R:使用for循环遍历data.table中的变量名(并按变量分组)

时间:2019-08-24 01:17:42

标签: r loops for-loop data.table

string get_MyProperty() {
    return get_MyProperty();
}

void set_MyProperty(string value) {
    set_MyProperty(value);
}

我无法在R中运行以下代码-引发此错误:

  

[。data.table(fileIWantToAnalyze,,..(mean1 = mean(get(attribute)),,)中的错误:“ by”或“ keyby”列表中的项的长度为(943026,1)。每个项必须为长度为943026;长度与x中的行数相同(如果提供了i,则在设置子集之后)。

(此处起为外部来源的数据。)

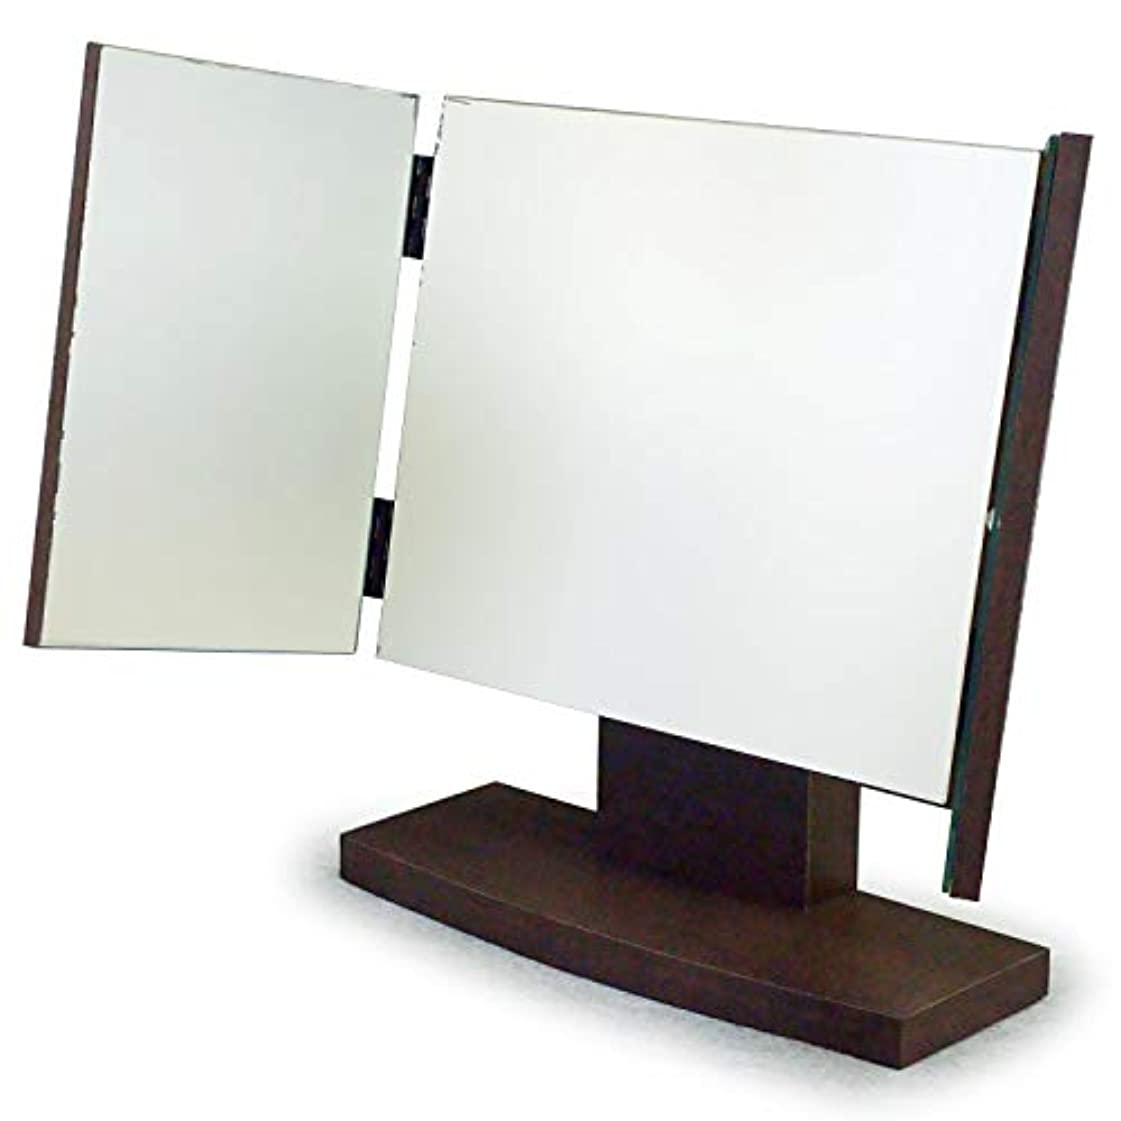 会話アークキモい三面鏡 卓上 木製(角度調整機能付)ダーク色

“ fileIWantToAnalyze”是一个数据表
> colnames(fileIWantToAnalyze) 

[1] "variable_1a"     "variable_5b"                                  
[3] "variable_1b"     "variable_6a"                           
[5] "variable_2a"     "variable_6b"                           
[7] "variable_2b"     "variable_7a"                           
[9] "variable_3a"     "variable_7b"                           
[11] "variable_3b"    "variable_8a"        
[13] "variable_4a"    "variable_8b"       
[15] "variable_4b"    "variable_9a"            
[17] "variable_5a"    "variable_9b"            
[19] "GroupingColumn1"

这也不行

for(attribute in colnames(fileIWantToAnalyze)[c(1,3,5,7,9,11,13,15,17)]){
  fileIWantToAnalyze[,.(mean1 = mean(get(attribute)),count1 = .N),
                      by = .(GroupingColumn1,sub("a", "b", attribute))]
}

以下代码为我寻找了答案-但我想使用循环为许多变量生成输出

for (attribute in colnames(fileIWantToAnalyze)[c(1,3,5,7,9,11,13,15,17)]){
  fileIWantToAnalyze[,.(mean1 = mean(get(attribute)),count1 = .N),
    by = .(GroupingColumn1,attribute)]
}

我相信问题是在分组时我如何在“ by”命令中调用“属性”

2 个答案:

答案 0 :(得分:2)

您的问题来自data.table函数如何解释变量的事实,尽管这实际上可能是意外的错误。

请注意以下虚拟示例进行说明:

dt <- data.table(A = 1:3, b = 3:5, c = 7:5)
#Works:
for(i in names(dt))
  dt[,lapply(.SD, sum), by = i]
#doesnt work
for(i in names(dt))
  dt[,lapply(.SD, sum), by = .(i)]
#works
for(i in names(dt))
  dt[,lapply(.SD, sum), by = c(i)]

基本上,data.table似乎不检查.(...)的每个元素是否是表的命名空间中包含的单个字符向量。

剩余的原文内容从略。